The lobby of St Mungo’s was jam-packed with people as Roland Harper appeared within, having practically fallen through the wall that hid the hospital from the Muggle street on the other side. There was an air of panic, fright and heightened energy flying around the place, patients mingling with visitors, visitors trying to push their way through to different areas, and Healers and other staff trying their best to calm the situation. It wasn’t easy, of course. This was an event like no other, for despite the joy felt by the general wizarding populace now that Lord Voldemort was defeated, the number of dead and injured from the final battle was unprecedented.
That was why the teenager was here, in fact.
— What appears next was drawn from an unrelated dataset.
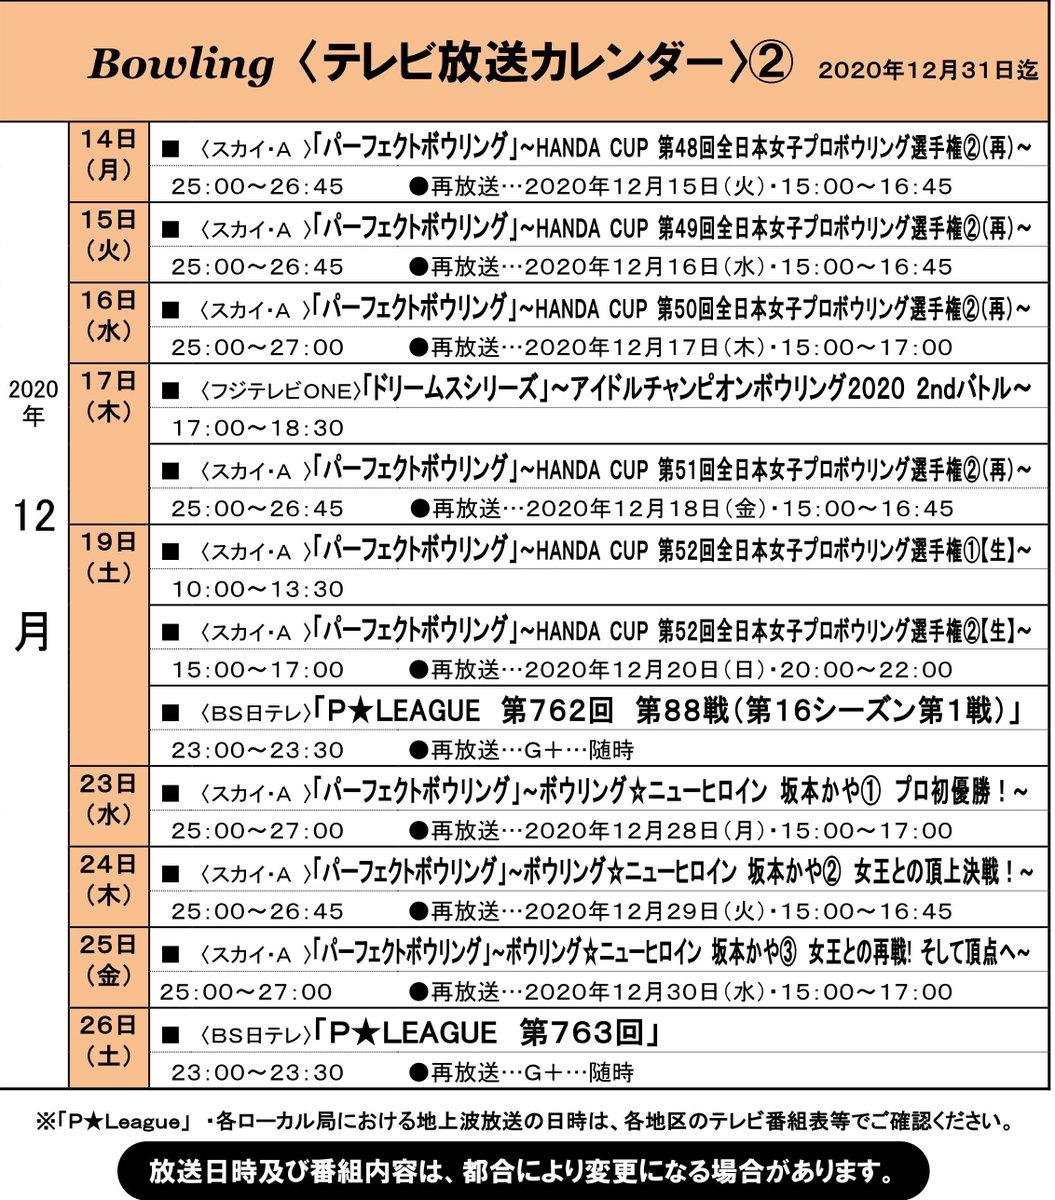 ボウリング 協会 日本 場

Carefully brushing past a mediwizard who was doing his best to console a distraught looking woman, Roland’s stomach tightened in nervous anticipation as he waited behind a man arguing with the welcome witch about access to one of his relatives. He saw, however, that the harassed looking employee had slipped up with regards to security, and had left a clipboard with details of which patients had been moved to where in the emergency, and snuck closer to have a look. Being a seeker, and therefore light of touch, he swiftly grabbed the sheet from behind her, and scanned the list of names as quickly as he could. Before the poor creature was able to stop him, the Slytherin, still in his dark green pyjamas, was able to replace the list and head for the stairs, identifiable only by his blond head and the way he stood taller than most of the other visitors running around the place.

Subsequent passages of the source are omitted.